When PAE is completed, there will be a test cycle which will continue in our private beta. When I feel PAE/Xen-3.0 is solid enough, I'll widen the beta testing to the public.

I'd put production Xen in the 4-6 month ballpark. Could be sooner, might not..

-Chris

Clearly the answer is to swap out all the Linode hardware with Opteron servers. No problem, right?

I'll take some of the old systems off your hands, Caker. :)

stumbles across this thread

yeah ive been monitoring thisthread quite a bit, kinda sucky that there isnt any new info.. prods

how is the beta going in terms of testing out performance issues etc? from my point of view stuff seems to run a lot faster on the xen box then the uml node box (am in beta test). i notice a lot better response times from horde2/imp3 in xen then uml, which is a major factor for me..

im hoping that the memory support stuff that we were waiting for appears sometime soon, so that the boxes can support the 6gig ram etc..

any more news caker?

cheers

NF

Is there any news on Xen?

Is it possible to get involved with the beta?

@egatenby:

Is there any news on Xen?
Not from my end. I don't want to make any promises or set an expectation as to when we'll have Xen ready for production.

I will say that PAE (able to use more than 4G RAM of the host) support has been working for me, and that was the only show stopper…

@egatenby:

Is it possible to get involved with the beta?
Yes, we'll do a private beta for a while and then open it up to existing Linode customers on a first-come first-gets to test basis. I'll announce that here.

-Chris

I hate to be distrusting and cynical (linode has never given me reason to be that - it is just the way I am), but the increase in performance from Xen will not just mean that you will be putting more instances on the same host?

@caker:

@egatenby:

Is there any news on Xen?
Not from my end. I don't want to make any promises or set an expectation as to when we'll have Xen ready for production.

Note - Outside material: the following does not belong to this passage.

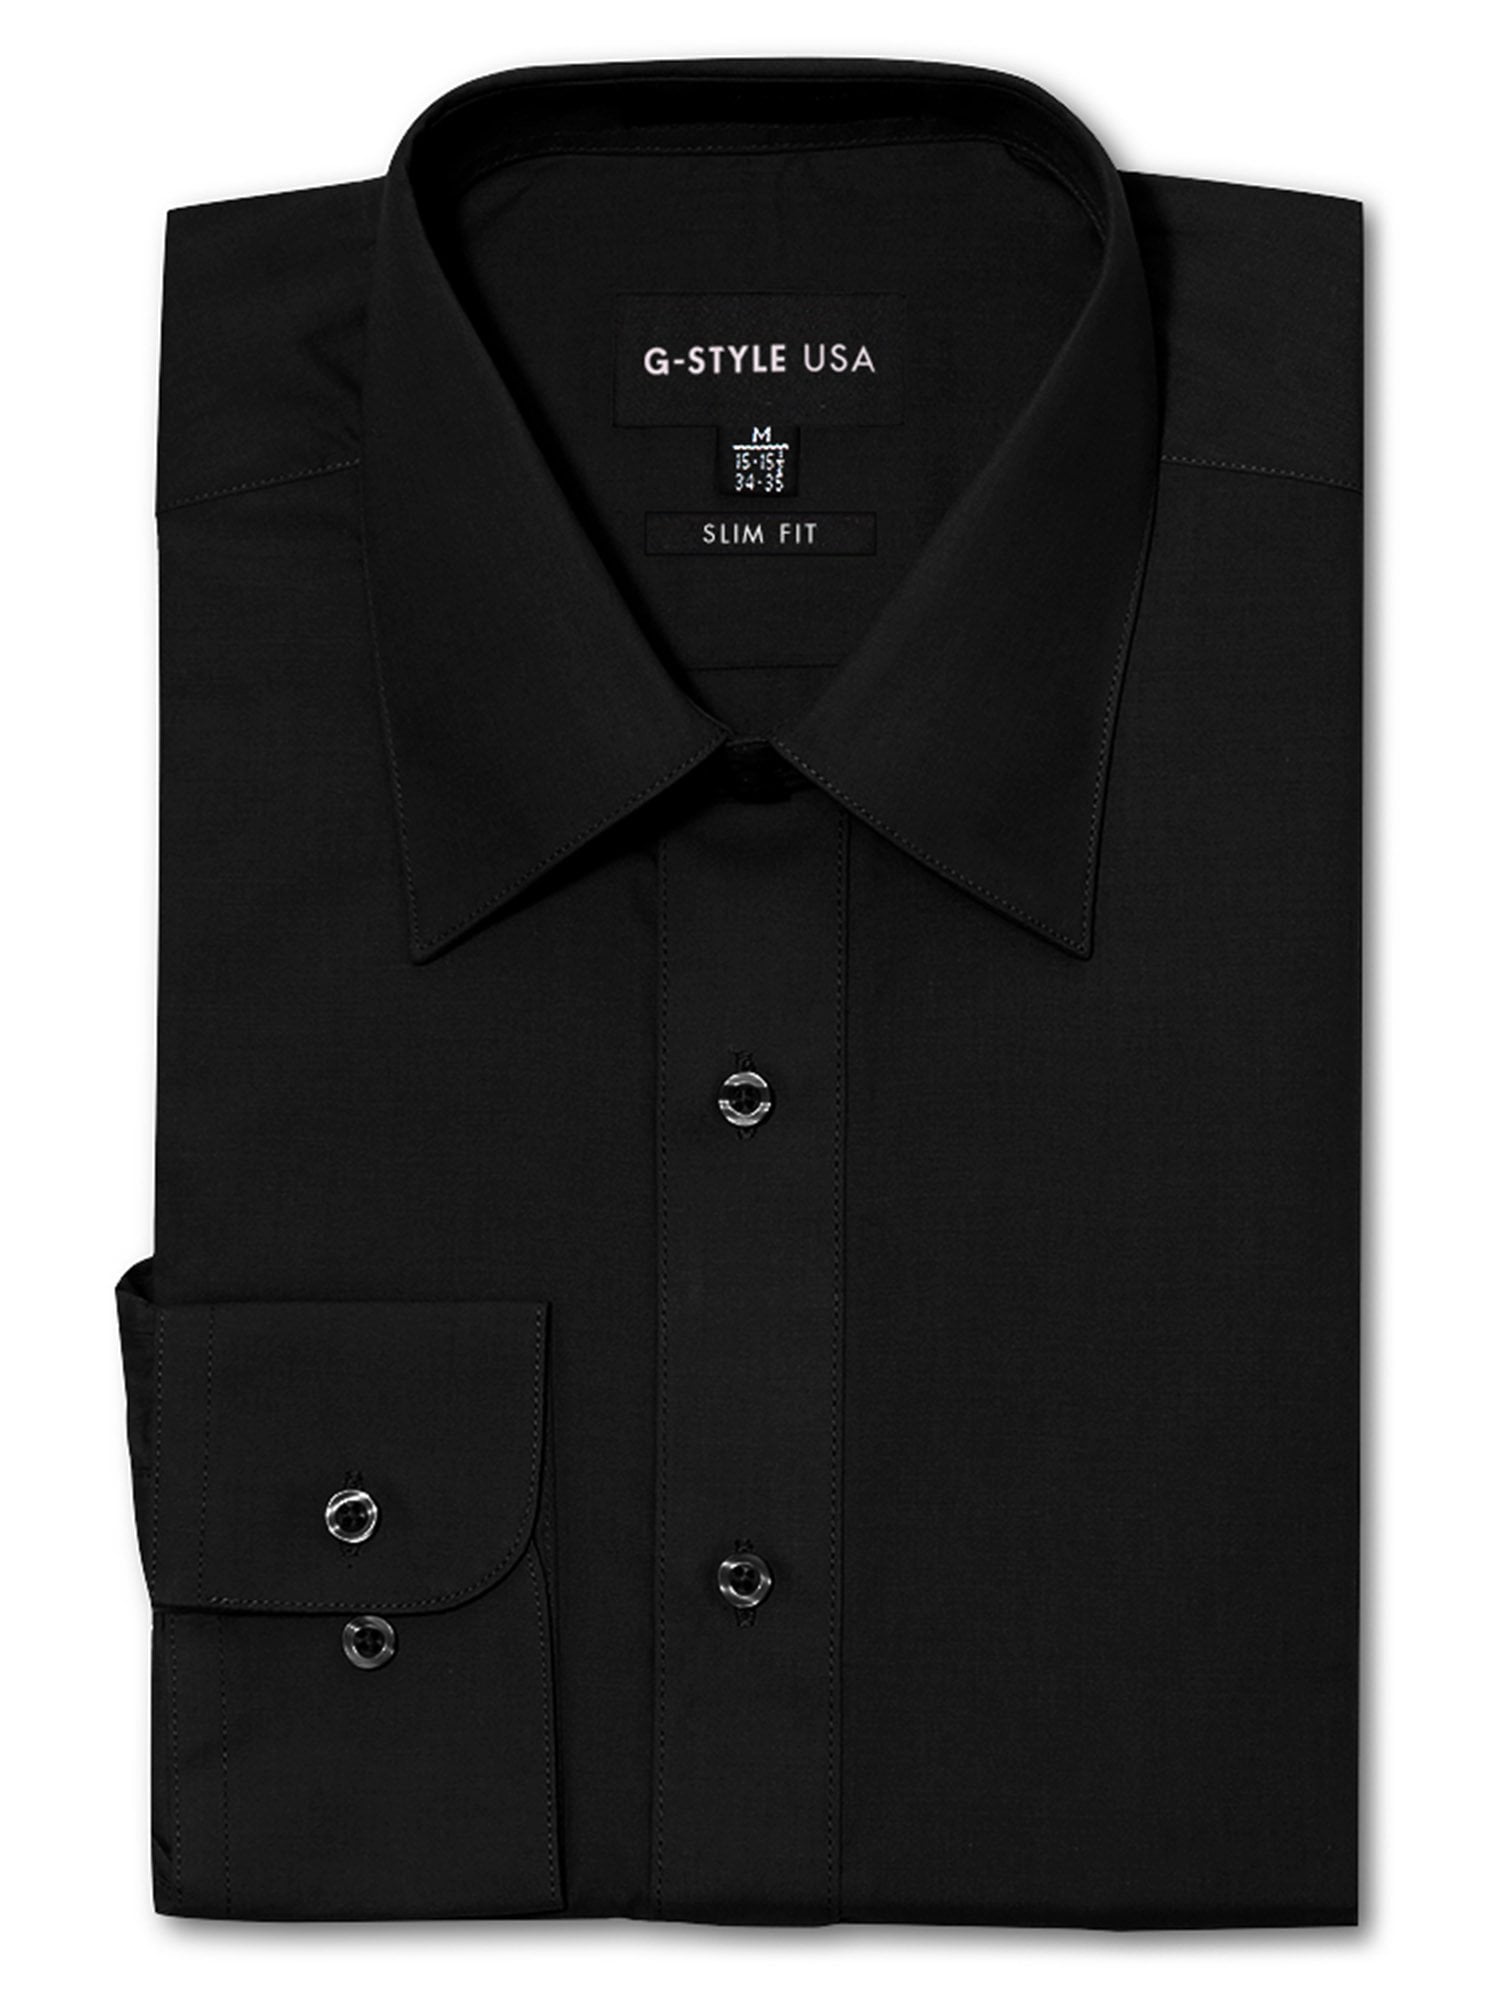 black dress shirt for men

I will say that PAE (able to use more than 4G RAM of the host) support has been working for me, and that was the only show stopper…

@egatenby:

Is it possible to get involved with the beta?
Yes, we'll do a private beta for a while and then open it up to existing Linode customers on a first-come first-gets to test basis. I'll announce that here.

-Chris

@peterhoeg:

I hate to be distrusting and cynical (linode has never given me reason to be that - it is just the way I am), but the increase in performance from Xen will not just mean that you will be putting more instances on the same host?
No. We've never oversold our machines. In fact, Xen makes it impossible to do so.

-Chris

> Xen makes it impossible to do so. How does that work?

> How does that work?

As I understand it, Xen requires that each domU have a certain amount of physical RAM. If you have 4 gigs and slice that up into 512M for dom0 and 28 domU's with 128M of RAM each, that's that.

With other technologies, I believe that you could have many more domU's because they will "steal" RAM that other domU's are not using at the moment. This is bad when, all of a sudden, that domU starts using the RAM you stole. Swapping would occur at the hypervisor level and everyone suffers.

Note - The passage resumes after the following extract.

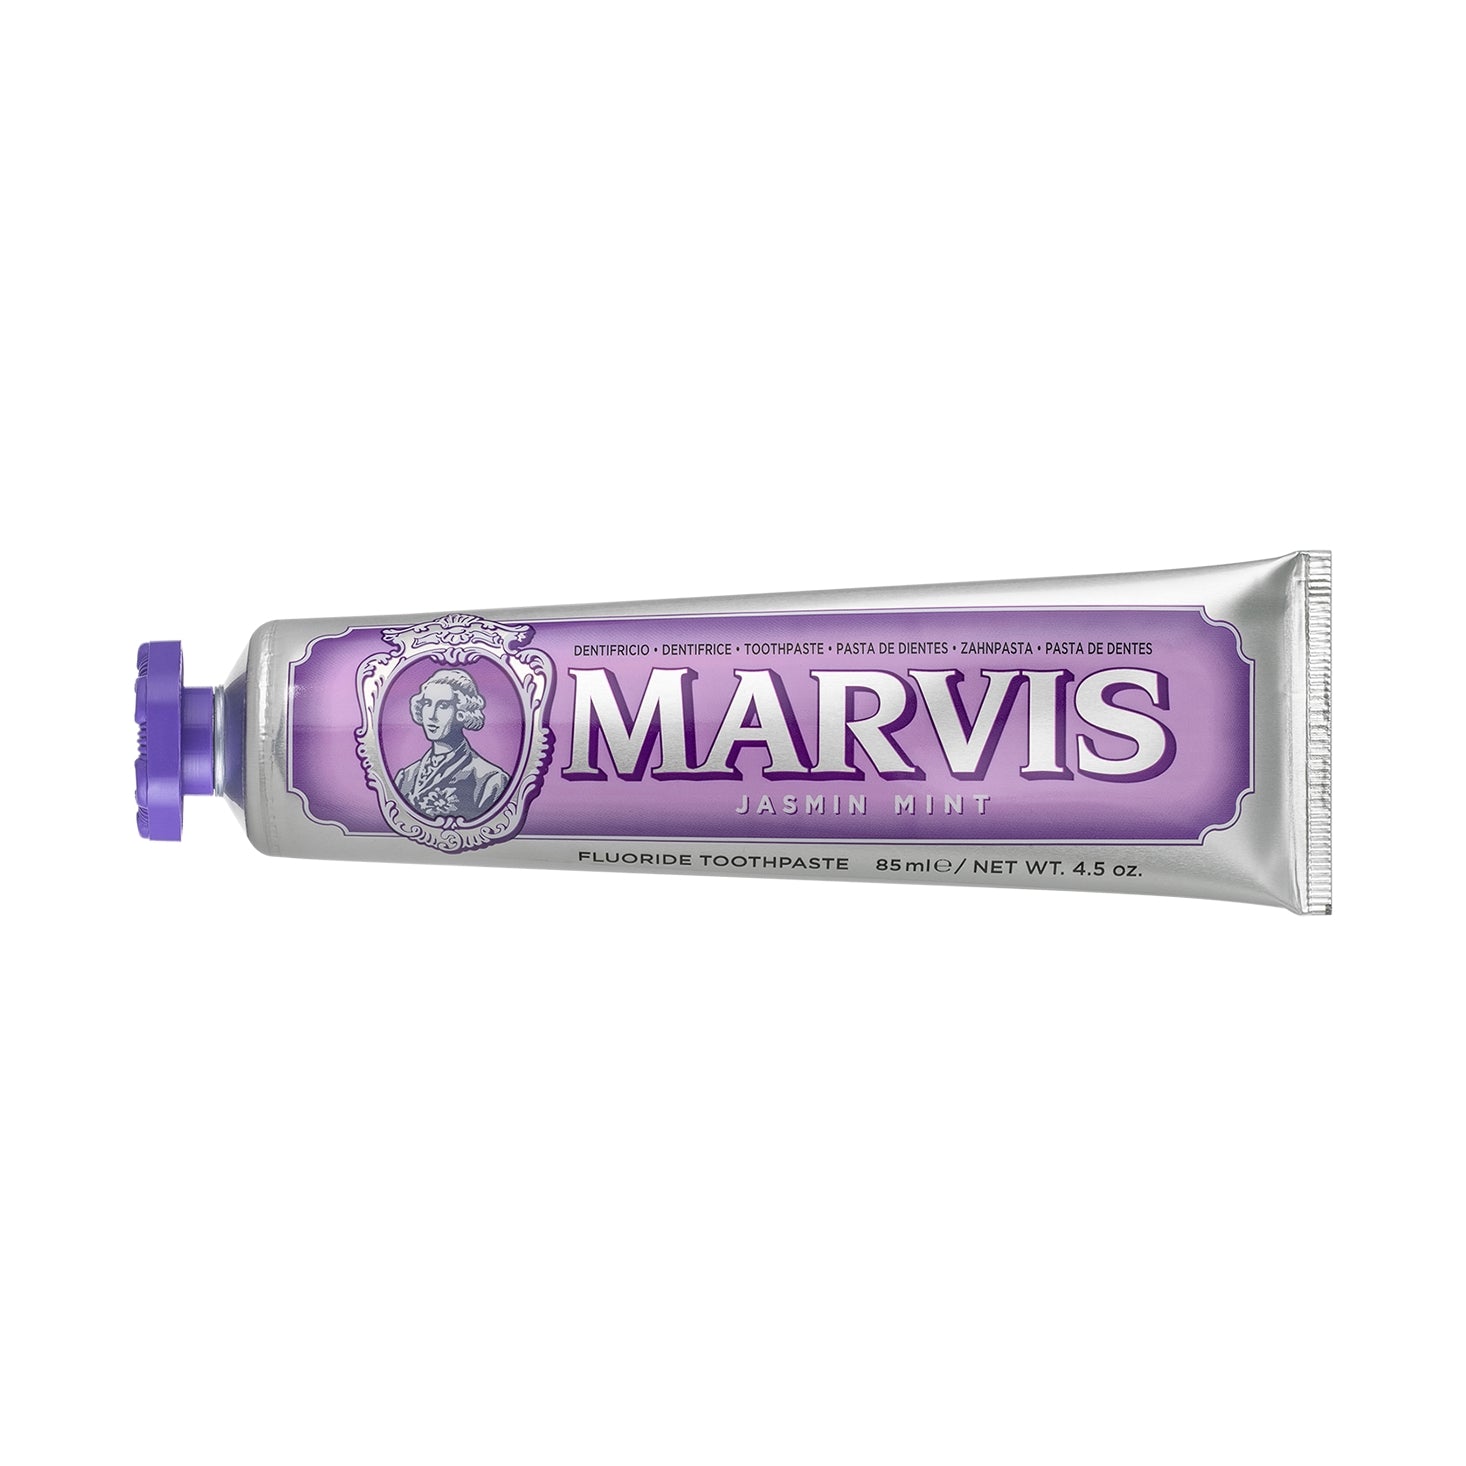 Marvis Jasmine Mint Toohtpaste 85ml

Caker, is that anywhere close to correct?

  • Brian

@bkirkbri:

> How does that work?

As I understand it, Xen requires that each domU have a certain amount of physical RAM. If you have 4 gigs and slice that up into 512M for dom0 and 28 domU's with 128M of RAM each, that's that.

With other technologies, I believe that you could have many more domU's because they will "steal" RAM that other domU's are not using at the moment. This is bad when, all of a sudden, that domU starts using the RAM you stole. Swapping would occur at the hypervisor level and everyone suffers.

Caker, is that anywhere close to correct?

  • Brian

Without getting technical . . . yes. If you allocate $foo ram for 'user' Bob, then that specific chunk of $foo ram is dedicated to him, nobody else can have it. period.